Antoine Besse : Tous les jeunes skateurs sont des amateurs. Je les ai choisis, grâce à l’exceptionnelle directrice de casting Florie Carbonne, parmi de vrais pratiquants de la discipline. J’ai sélectionné ceux qui avaient une vraie personnalité, et de plus étaient capables de jouer la comédie. L’intérêt pour moi, pour rendre l’ensemble crédible, était de les faire parler avec leurs mots à eux. Pour le lien avec les professionnels, j’ai eu une chance monstre d’avoir Théo qui a été un fantastique trait d’union. Théo, en plus d’être un super acteur, est aussi un ami proche. Il a donné beaucoup de lui-même et de son temps pour le rôle et pour l’ensemble du film : il a perdu quinze kilos, il a rencontré des camés, il a participé à des réunions de narcotiques anonymes et à des free party. Un côté un peu "Actors Studio" et quelque chose en lui de l’ordre de mystique qui me plaît beaucoup. Il m’a aidé à sélectionner les jeunes acteurs, et les a ensuite beaucoup aidés pour jouer. C’est la production qui m’a proposé Emmanuelle Bercot et Cédric Kahn pour "donner" deux têtes d’affiche au film. Ce sont deux acteurs importants, mais heureusement pour moi, pas trop identifiés par le public. C’est mon duo avec Théo qui a permis de créer le lien et une bonne alchimie entre tous. Ce n’était pas évident, en tant que tout jeune réalisateur, d’être confronté à deux acteurs chevronnés et de plus, tous les deux également cinéastes. Pour la direction d’acteurs, j’ai laissé au maximum chacun apporter de lui-même pour construire son personnage. Avec les jeunes, il y a eu beaucoup de discussions, et en tournage, j’essayais de capter le plus de naturel possible. Au final, je voulais que tout sonne juste.

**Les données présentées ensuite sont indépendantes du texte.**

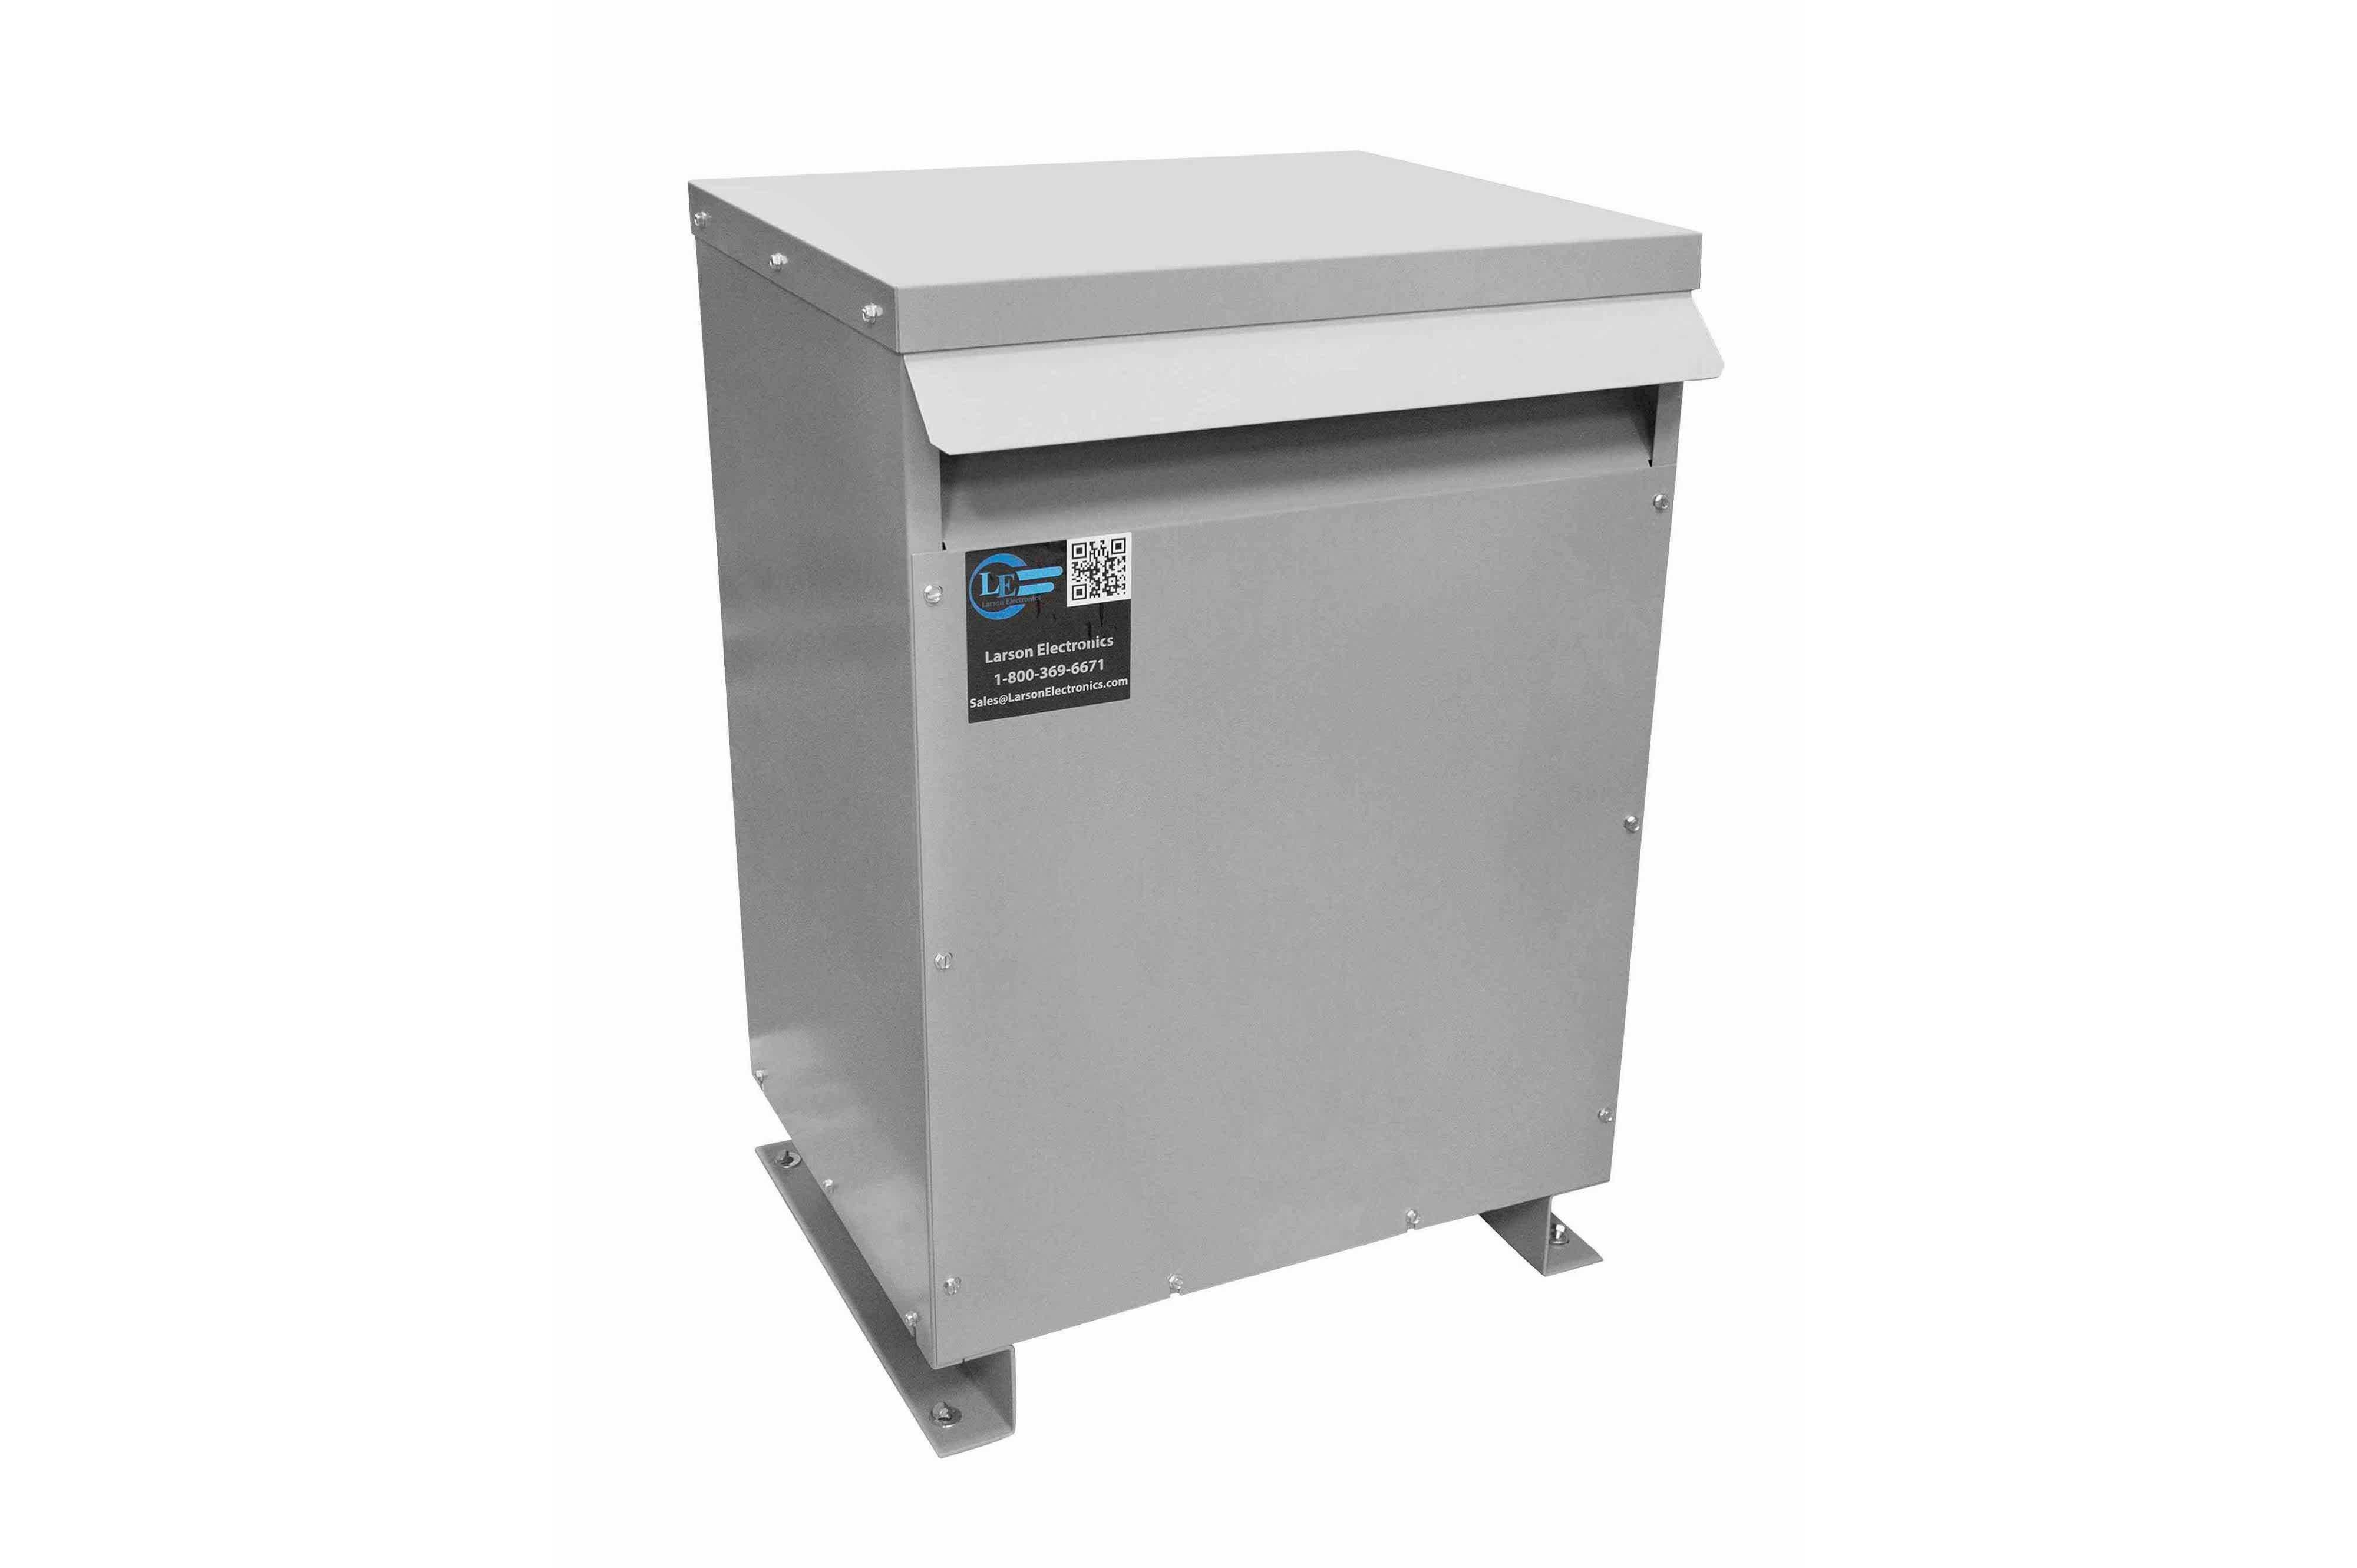 225 kVA 3PH Isolation Transformer, 600V Wye Primary, 480Y/277 Wye-N Secondary, N3R, Ventilated, 60 Hz

AVoir-ALire : Comment s’est constituée la bande musicale, très importante aussi ?
Antoine Besse : Il y a deux types de musique. D’abord les morceaux additionnels, les titres du groupe System of a Down, typique du son fusion de l’époque pour ceux, comme moi, nés dans les années 2000. Ensuite, il y a la chanson de Cesária Evora Sodade, qui évoque pour moi la nostalgie, mais une nostalgie curieusement aussi noire que solaire, et donnant aussi un indice sur les origines du personnage joué par Théo. Et d’un autre côté, il y a les musiques originales qui sont dues à Jimmy Whoo. (* compositeur français de synthwave)
AVoir-ALire : Votre participation au festival de Cannes et votre retour sur les avant-premières ?
Antoine Besse : C’était super d’être sélectionné dans la catégorie "Cannes Écrans Junior". Huit films seulement étaient retenus, venant tous d’une nationalité différente, des longs métrages d’auteur orientés vers la jeunesse En plus, on a obtenu la mention du jury.
Le film a aussi été très bien accueilli lors des différentes avant-premières que l’on a réalisées ces derniers mois. Dans les villes, petites et grandes, on présentait sur les places, le concept "Ollie Tour" avec l’équipe, des skateboards floqués des lettres du titre et du gros son.
AVoir-ALire : Vos projets ? Si vous voulez bien en parler.
Antoine Besse :J ’ai deux gros projets en cours.
Un prochain long métrage, qui va se passer dans les Caraïbes, avec toujours Théo Christine et seulement des non professionnels locaux. Le deuxième, ce sera une série télévisée sur la jeunesse provinciale dans la veine de Ollie. J’avance à un rythme mesuré, sans précipitation, et je crois que c’est le secret si l’on veut durer. Et j’ai envie de durer, je voudrais faire ce métier toute ma vie.